The value X is the "marker", used to define where the list should start. S3 will choose the first object whose key is larger than X. If you want to start with the first key in the bucket, use "--batch=" with an empty string for X. (The equal sign is required. Do not use "--batch", because it will set X to 1.)
You can combine --batch=X with --max-keys to get the list of objects back in batches of any size.

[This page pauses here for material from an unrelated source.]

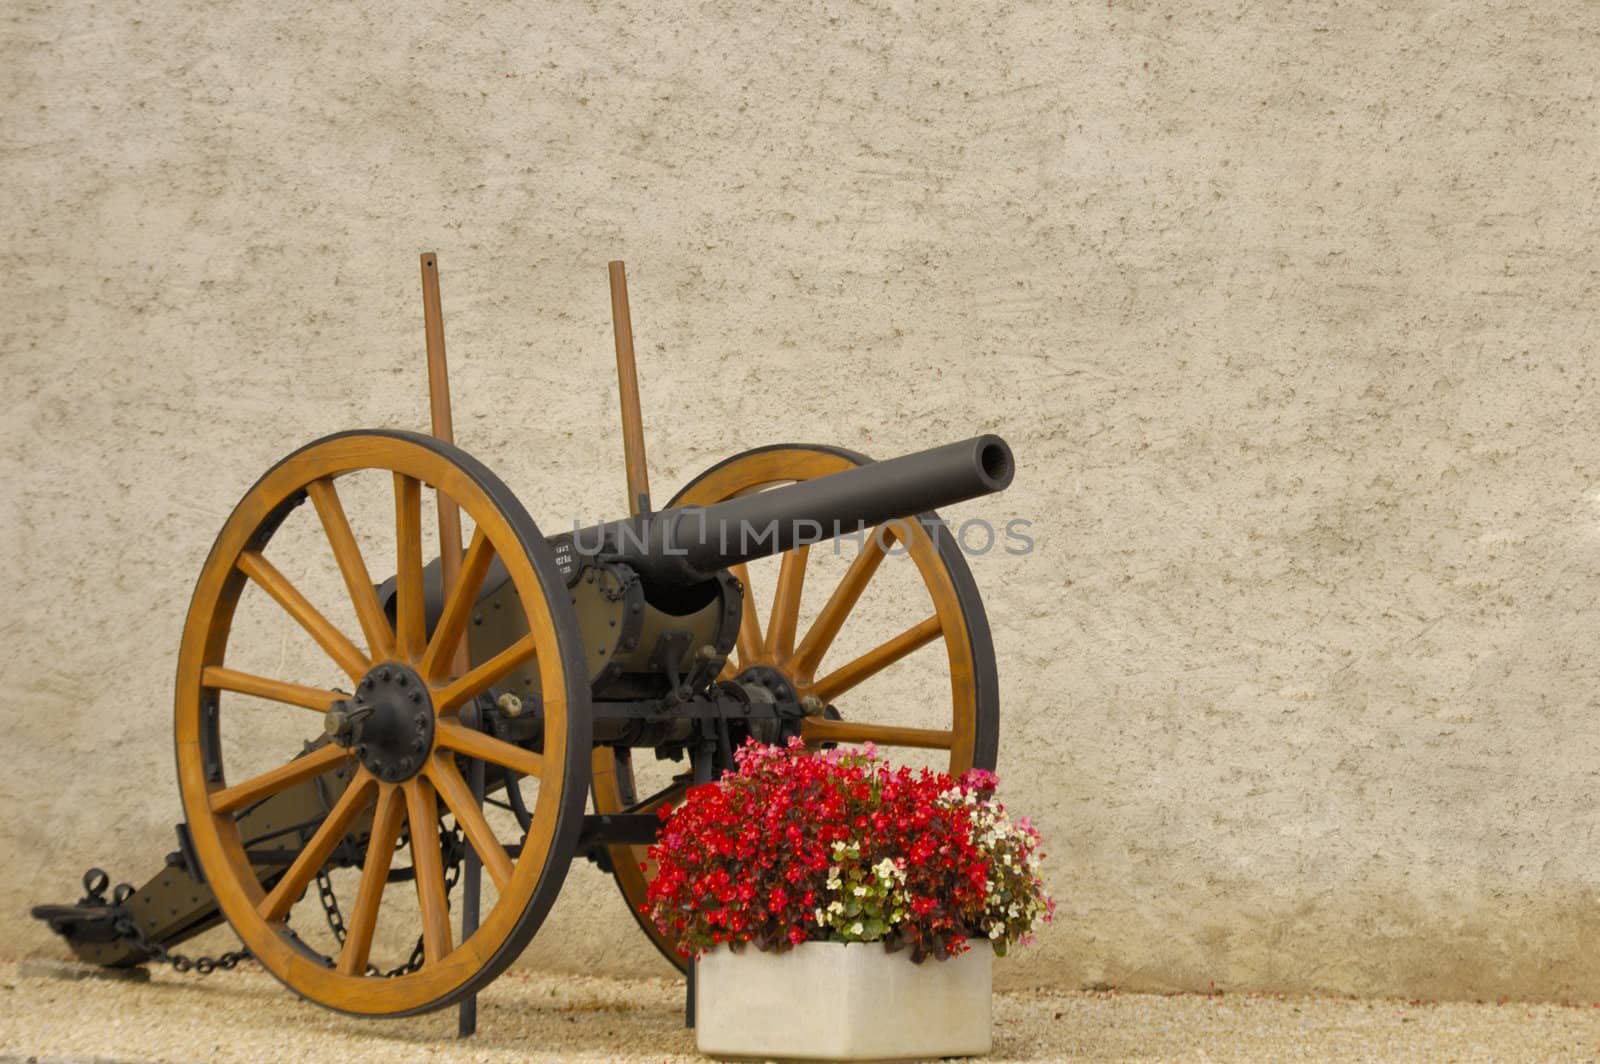 An old cannon outside a castle in Switzerland, guarding a tub of begonias.

$ aws ls -l test681 --max-keys=10 --batch=
-rw------- 1 timkay681 6 2008-12-29 15:24:26 /tmp/subd/hello.txt
-rw------- 1 timkay681 30836 2008-10-20 21:52:27 /usr/bin/aws
-rw------- 1 timkay681 10 2013-10-02 22:04:24 1000000/9590534/13846970/Kenny's closet card-front.pdf
-rw------- 1 timkay681 13 2013-03-06 20:23:03 FolderSpade/SandCastle.bin
-rw------- 1 timkay681 15560494 2009-04-13 01:47:43 afl.zip
-rw------- 1 timkay681 1 2009-04-18 23:27:07 ascii/char_01_?.txt
-rw------- 1 timkay681 1 2009-04-18 23:27:07 ascii/char_02_?.txt
-rw------- 1 timkay681 1 2009-04-18 23:27:08 ascii/char_03_?.txt
-rw------- 1 timkay681 1 2009-04-18 23:27:08 ascii/char_04_?.txt
-rw------- 1 timkay681 1 2009-04-18 23:27:09 ascii/char_05_?.txt
$ aws ls -l test681 --max-keys=10 --batch=ascii/char_05
-rw------- 1 timkay681 1 2009-04-18 23:27:09 ascii/char_05_?.txt
-rw------- 1 timkay681 1 2009-04-18 23:27:09 ascii/char_06_?.txt
-rw------- 1 timkay681 1 2009-04-18 23:27:09 ascii/char_07_?.txt
-rw------- 1 timkay681 1 2009-04-18 23:27:09 ascii/char_08_?.txt
-rw------- 1 timkay681 1 2009-04-18 23:27:10 ascii/char_09_?.txt
-rw------- 1 timkay681 2 2009-04-19 00:18:46 ascii/char_0a_?.txt
-rw------- 1 timkay681 2 2009-04-18 23:27:10 ascii/char_0b_?.txt
-rw------- 1 timkay681 2 2009-04-18 23:27:10 ascii/char_0c_?.txt
-rw------- 1 timkay681 2 2009-04-18 23:27:11 ascii/char_0d_?.txt
-rw------- 1 timkay681 2 2009-04-18 23:27:11 ascii/char_0e_?.txt
$ aws ls -l test681 --max-keys=10 --batch=ascii/char_0e
-rw------- 1 timkay681 2 2009-04-18 23:27:11 ascii/char_0e_?.txt
-rw------- 1 timkay681 2 2009-04-18 23:27:11 ascii/char_0f_?.txt
-rw------- 1 timkay681 2 2009-04-18 23:27:12 ascii/char_10_?.txt
-rw------- 1 timkay681 2 2009-04-18 23:27:12 ascii/char_11_?.txt
-rw------- 1 timkay681 2 2009-04-18 23:27:12 ascii/char_12_?.txt
-rw------- 1 timkay681 2 2009-04-18 23:27:13 ascii/char_13_?.txt
-rw------- 1 timkay681 2 2009-04-18 23:27:14 ascii/char_14_?.txt
-rw------- 1 timkay681 2 2009-04-19 00:56:26 ascii/char_15_?.txt
-rw------- 1 timkay681 2 2009-04-19 00:56:26 ascii/char_16_?.txt
-rw------- 1 timkay681 2 2009-04-19 00:56:26 ascii/char_17_?.txt
Note that the --batch=X parameter is a key smaller than the next one that I want. The _?.txt suffix contains non-printing characters, so I was able to omit it, and yet the X (marker) worked as desired.